SwiftUI’s @State, @Binding, and @AppStorage are all property wrappers — a compile-time transformation that wraps your stored property with custom get/set behavior, projected values, and lifecycle hooks. Once you understand the pattern, you can build wrappers that eliminate repetitive validation code, enforce invariants at declaration time, and plug a lightweight dependency injection system into any Swift type.

This post builds four production-quality wrappers: @Clamped for numeric ranges, @Validated for form input, @UserDefault for type-safe persistence, and @Injected for dependency resolution. We’ll also cover wrappedValue vs. projectedValue, the _propertyName backing storage, and thread safety implications. SwiftUI state management and generics are assumed knowledge.

Contents

• The Problem
• @Clamped: Enforcing Numeric Ranges
• @Validated: Form Input with Projected State
• @UserDefault: Type-Safe Persistence
• @Injected: Service Locator DI
• Advanced Usage
• Performance Considerations
• When to Use (and When Not To)
• Summary

The Problem

Form models accumulate validation logic fast. Here’s a typical Pixar film submission form — before property wrappers:

class PixarFilmFormViewModel: ObservableObject {
    @Published var title: String = "" {
        didSet {
            isTitleValid = !title.trimmingCharacters(in: .whitespaces).isEmpty
        }
    }

    @Published var isTitleValid: Bool = false

    @Published var rating: Int = 50 {
        didSet {
            // Clamp to valid range every time it changes
            if rating < 1 { rating = 1 }
            if rating > 100 { rating = 100 }
        }
    }

    @Published var synopsis: String = "" {
        didSet {
            isSynopsisValid = synopsis.count >= 20 && synopsis.count <= 500
        }
    }

    @Published var isSynopsisValid: Bool = false

    var hasSeenOnboarding: Bool {
        get { UserDefaults.standard.bool(forKey: "hasSeenOnboarding") }
        set { UserDefaults.standard.set(newValue, forKey: "hasSeenOnboarding") }
    }
}

Each property carries its own clamping or validation didSet, plus a shadow boolean to track validity. Add five more fields and the view model doubles in size with duplicated logic. Property wrappers let you declare the behavior once and apply it as an annotation.

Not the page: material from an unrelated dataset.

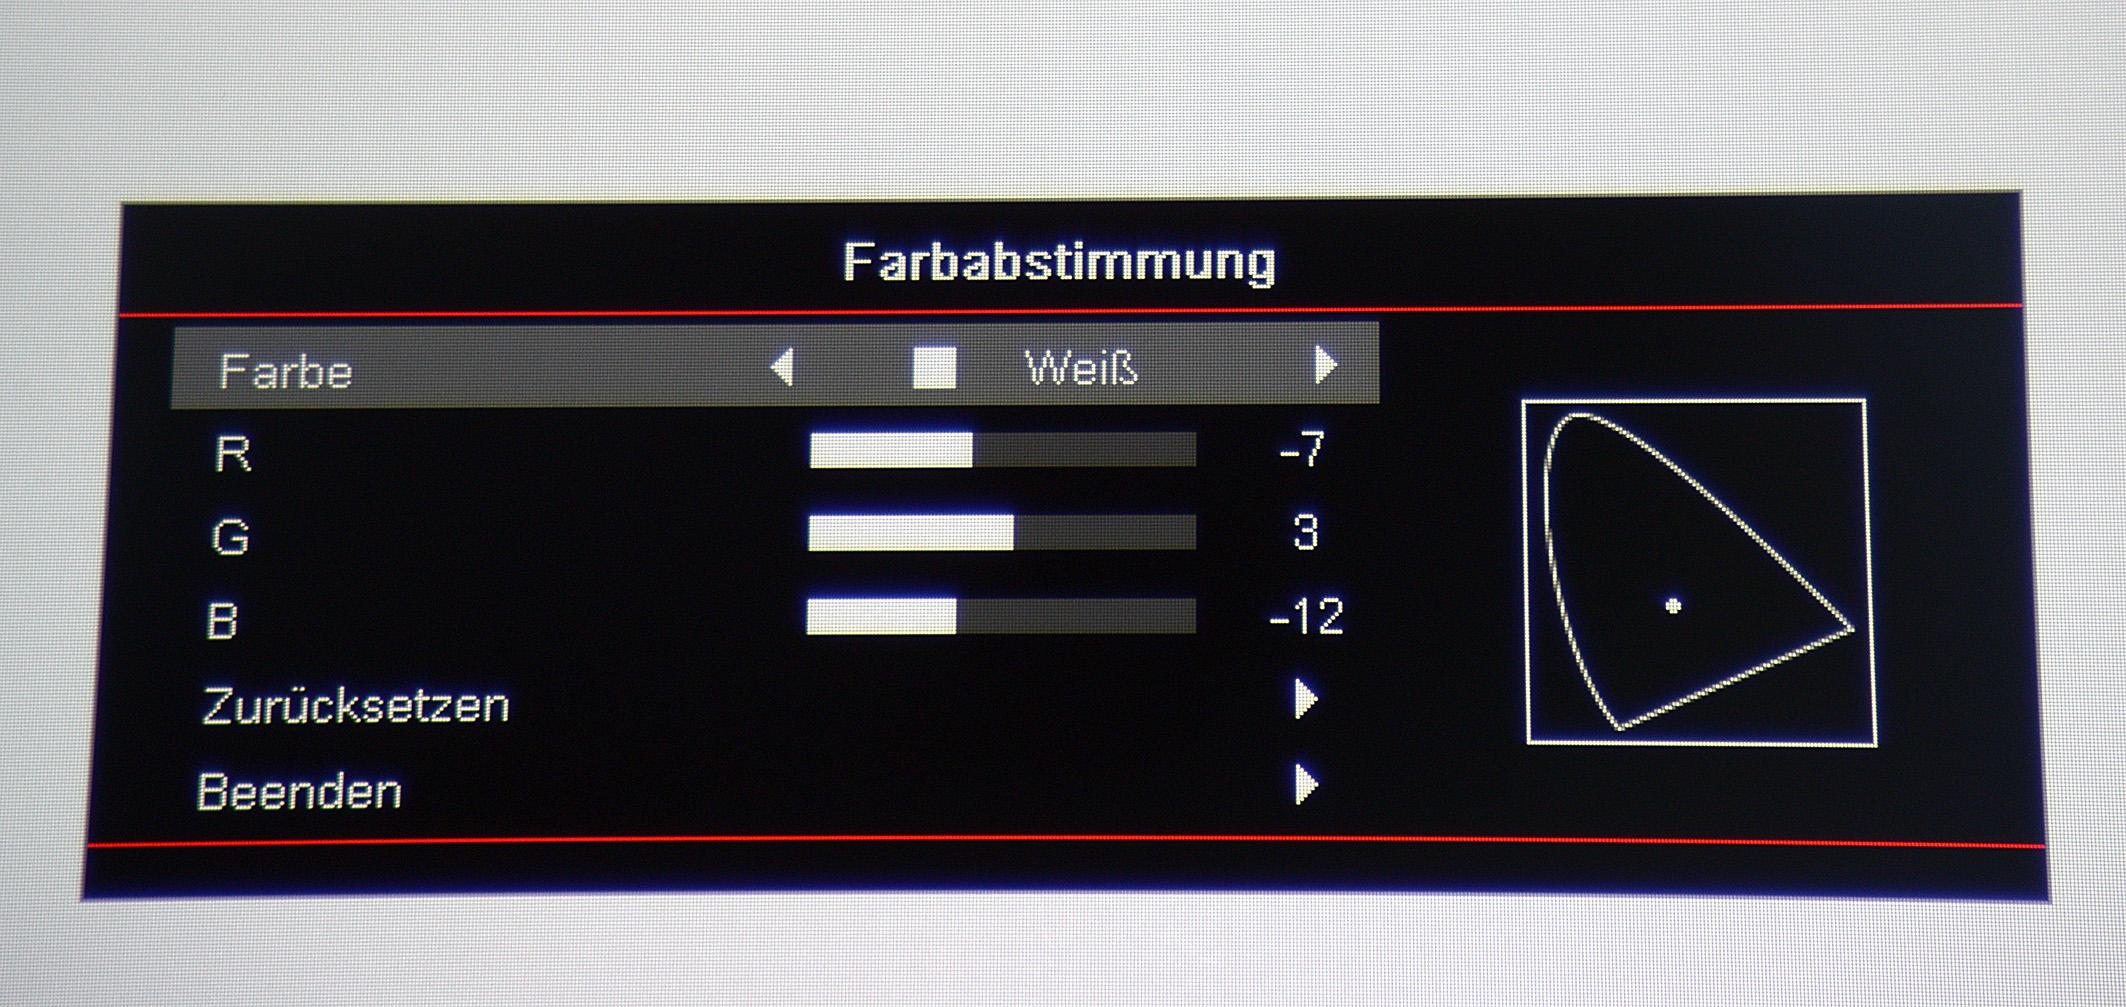 """Im Menü """"Farbabstimmung"""", das für die Einstellung der Primär- und Sekundärfarben vorgesehen ist, gibt es neben Rot, Grün, Blau, Magenta, Cyan und Gelb noch zusätzlich den Reiter """"Weiß"""". Mit dem Letztgenannten kann die Farbtemperatur perfekt eingestellt werden. Die RGB-Parameter sorgen für einen ausgesprochen linearen Graustufenverlauf. Klasse!"""

@Clamped: Enforcing Numeric Ranges

@propertyWrapper types require one thing: a wrappedValue property. The compiler replaces every access to the annotated property with access to wrappedValue on the hidden backing storage instance.

@propertyWrapper
struct Clamped<Value: Comparable> {
    private var value: Value
    let range: ClosedRange<Value>

    init(wrappedValue: Value, range: ClosedRange<Value>) {
        self.range = range
        self.value = min(max(wrappedValue, range.lowerBound), range.upperBound)
    }

    var wrappedValue: Value {
        get { value }
        set { value = min(max(newValue, range.lowerBound), range.upperBound) }
    }
}

The usage reads exactly as you’d hope:

struct PixarFilmRating {
    @Clamped(range: 1...100) var audienceScore: Int = 50
    @Clamped(range: 0.0...10.0) var criticScore: Double = 7.5
    @Clamped(range: 1...300) var runtimeMinutes: Int = 90
}

var toyStoryRating = PixarFilmRating()
toyStoryRating.audienceScore = 150  // Silently clamped to 100
toyStoryRating.audienceScore = -5   // Silently clamped to 1
print(toyStoryRating.audienceScore) // 1

The compiler synthesizes a backing property _audienceScore: Clamped<Int> and rewrites every read/write of audienceScore into _audienceScore.wrappedValue. You never see this in normal code, but you can access the wrapper instance directly via _audienceScore if you need to inspect range.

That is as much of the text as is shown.